Q. The Qur'an ordains public flogging (100 lashes) as the punishment for adulterers.(Q24:2) It also states that the punishment for a married slave is half that of a free married woman.(Q4:25) However, in Bukhari, which in the Muslim world is accepted as the most authentic compilation of the Prophetic traditions, the hadith mention stoning to death for adultery. Some of the translators of the Qur'an agree that this is the sunnah. Imam Shafi, a renowned Muslim scholar, endorses this position in his book "Al Risalah." Therefore, some Muslims believe that this is the correct punishment, which is implemented in certain Muslim countries. Can you explain this anomaly?

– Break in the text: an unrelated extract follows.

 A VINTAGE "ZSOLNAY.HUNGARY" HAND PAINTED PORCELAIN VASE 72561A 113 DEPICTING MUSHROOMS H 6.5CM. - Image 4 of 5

A. The entire business about adultery is skewed in the world of Muslim jurists. Allah, Lord and Ruler of all the worlds, tells us in the Qur'an not to take life without cause. The same Allah tells us that He has left nothing out of the Qur'an. The same Allah specifies the case of flogging in the Qur'an for the adulterer and adulteress. Yet some Muslims would have us believe the following: "That according to a report from Umar, the stoning verses were in the Qur'an, but the material on which it was written was eaten by a goat!" Additionally, they ask us to believe that the verse which was allegedly abrogated was left in the Qur'an, and the abrogating one was somehow lost. What a strange God we have! A God who has pledged to preserve the Qur'an, and on the most important aspect of human - human relations, the same God has forgotten His promise, leaving the issue of taking life to rest on a hadith that may or may not be accepted.

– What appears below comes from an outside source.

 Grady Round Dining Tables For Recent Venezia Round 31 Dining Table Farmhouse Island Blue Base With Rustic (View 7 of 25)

Not only that, if one checks the case of Maaz in the hadith, one finds that even within Bukhari and Muslim, there is so much contradiction that no right thinking person can base legal rulings on such flimsy evidence. In one hadith, the Prophet Muhammad (s.a.a.w) allegedly averts his face from Maaz when the latter comes to him. In others, the Prophet goes to him and says: "I have heard so and so about you, is it true?" Which are we to believe? In the Qur'an, we are told to ask the Christians and Jews: "Bring your proof if you are indeed telling the truth." Must we not set the example ourselves, and ask for proof regarding our own rulings?

On the issue of abrogation, it may be noted that there is no such thing in the Qur'an, as shown clearly by Muhammad Al Ghazali in his book "Kayfa Natamal Ma Al Qur'an." Even if for argument's sake we were to allow for abrogation, in the case of adultery, there is no scope for it.